This is an indirect answer to your question: at the risk of starting a flamewar, I'm not a fan of regex. I've used it before, mostly in bash scripting in Perl, but have (almost) always been able to work around it when developing text parsing code. Below is an example of how to approach your specific problem. Clearly, adapting my approach will cause a refactoring of your code. Please consider this as an alternative.

My approach ingests the log file into a VBA Collection where each Item in the collection is a separate line. I'm using a collection instead of a String() array because the collection readily expands for an unknown number of lines, whereas an array must be ReDim-ed with prior knowledge of exactly how many lines there are (probably causing a double loop, double read of the same file).

Private Function GetFileByLines(ByVal filePath As String) As Collection
    Dim fso As FileSystemObject
    Set fso = New FileSystemObject

    Dim txtStream As Object
    Set txtStream = fso.OpenTextFile(filePath, ForReading, False)

    Dim lines As Collection
    Set lines = New Collection

    Do While Not txtStream.AtEndOfStream
        Dim line As String
        lines.Add txtStream.ReadLine
    Loop
    txtStream.Close
    Set GetFileByLines = lines
End Function

Once you have the collection of lines from the text file, it's then an easy loop with indexing to check if "PASSED" exists three lines after a "FAILED" line.

Private Sub ScanInputFile(ByVal filename As String)
    Dim fileLines As Collection
    Set fileLines = GetFileByLines(filename)

    Dim i As Long
    For i = 1 To fileLines.Count
        If LCase(fileLines(i)) Like "*failed*" Then
            '--- check to make sure we're not near the end of the file
            If i + 3 < fileLines.Count Then
                If LCase(fileLines(i + 3)) Like "*passed*" Then
                    Debug.Print "found a PASSED line three lines after FAILED, " & _
                                "lines " & i & " and " & i + 3
                End If
            End If
        End If
    Next i
End Sub

Obviously, this does not integrate directly into your whole solution as I'm not addressing parts that you have already coded and debugged.

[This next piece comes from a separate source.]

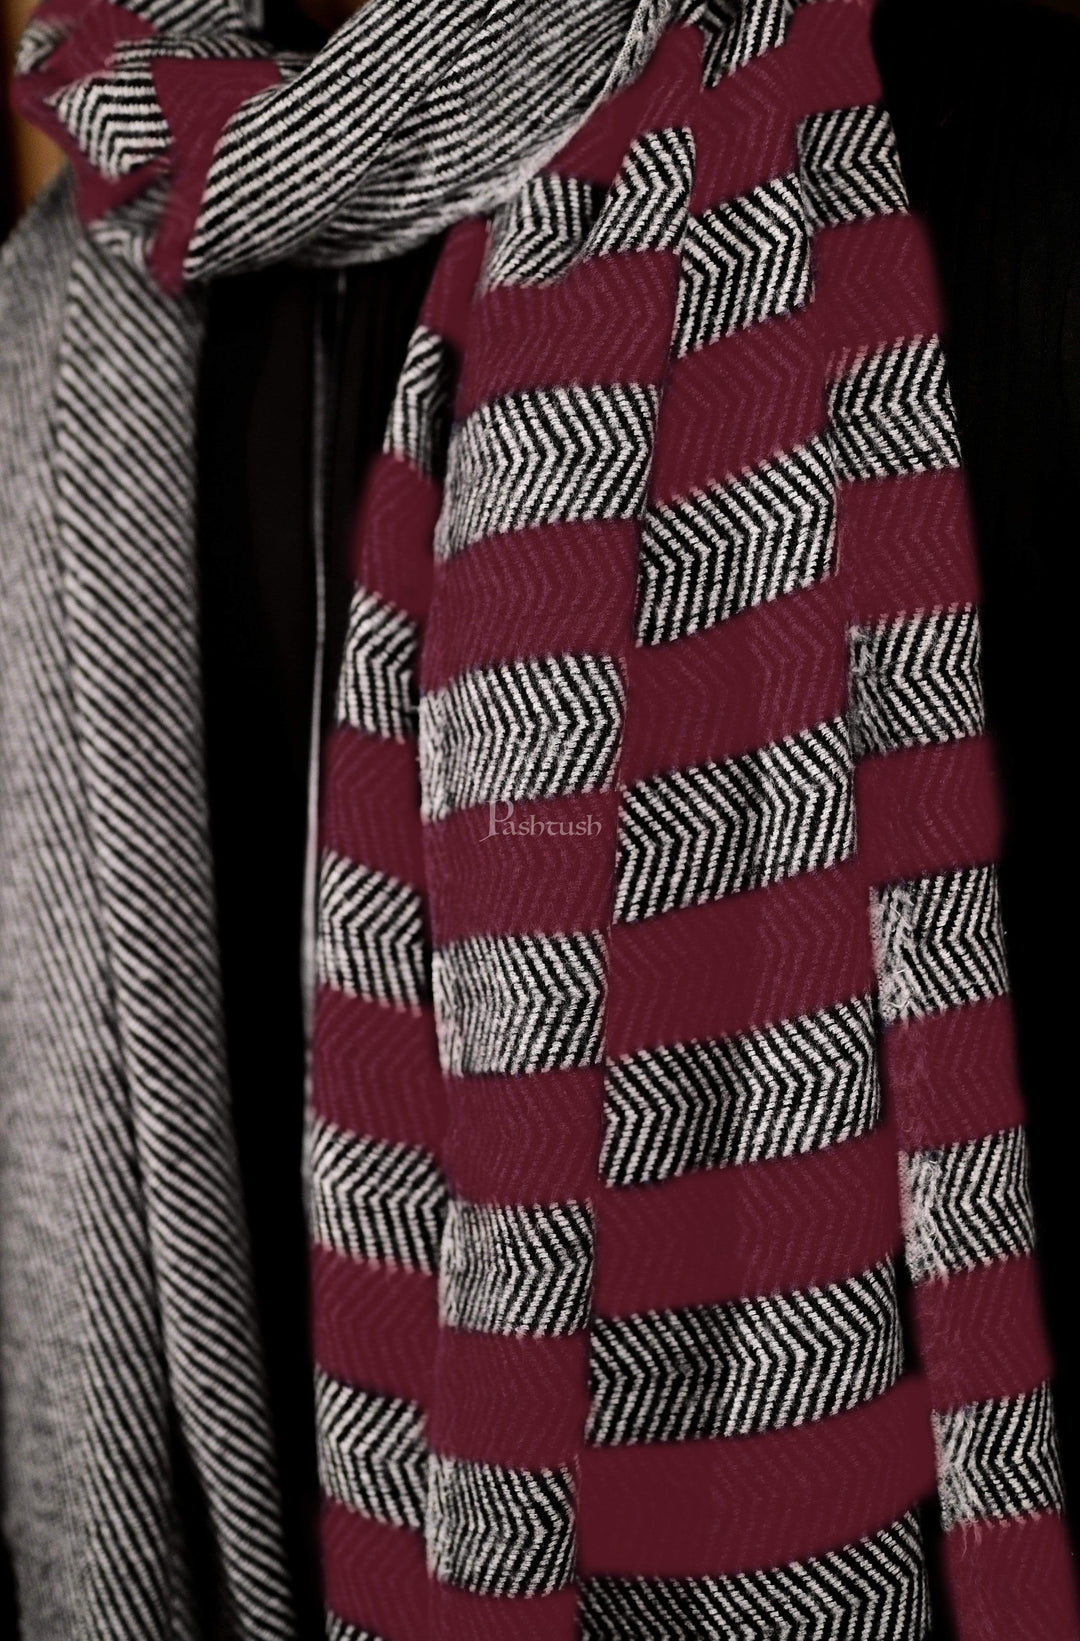 Pashtush India 70x200 Pashtush Mens Herringbone Pattern Weave Warm Woollen Scarf

As a quick code review though, please read up on avoiding the use of Activate and Select.

Here's the whole test module I used. The "testlog.txt" file is a direct copypasta from your data above.

Option Explicit

Public Sub test()
    ScanInputFile "C:\Temp\testlog.txt"
End Sub

Private Sub ScanInputFile(ByVal filename As String)
    Dim fileLines As Collection
    Set fileLines = GetFileByLines(filename)

    Dim i As Long
    For i = 1 To fileLines.Count
        If LCase(fileLines(i)) Like "*failed*" Then
            '--- check to make sure we're not near the end of the file
            If i + 3 < fileLines.Count Then
                If LCase(fileLines(i + 3)) Like "*passed*" Then
                    Debug.Print "found a PASSED line three lines after FAILED, " & _
                                "lines " & i & " and " & i + 3
                End If
            End If
        End If
    Next i
End Sub

Private Function GetFileByLines(ByVal filePath As String) As Collection
    Dim fso As FileSystemObject
    Set fso = New FileSystemObject

    Dim txtStream As Object
    Set txtStream = fso.OpenTextFile(filePath, ForReading, False)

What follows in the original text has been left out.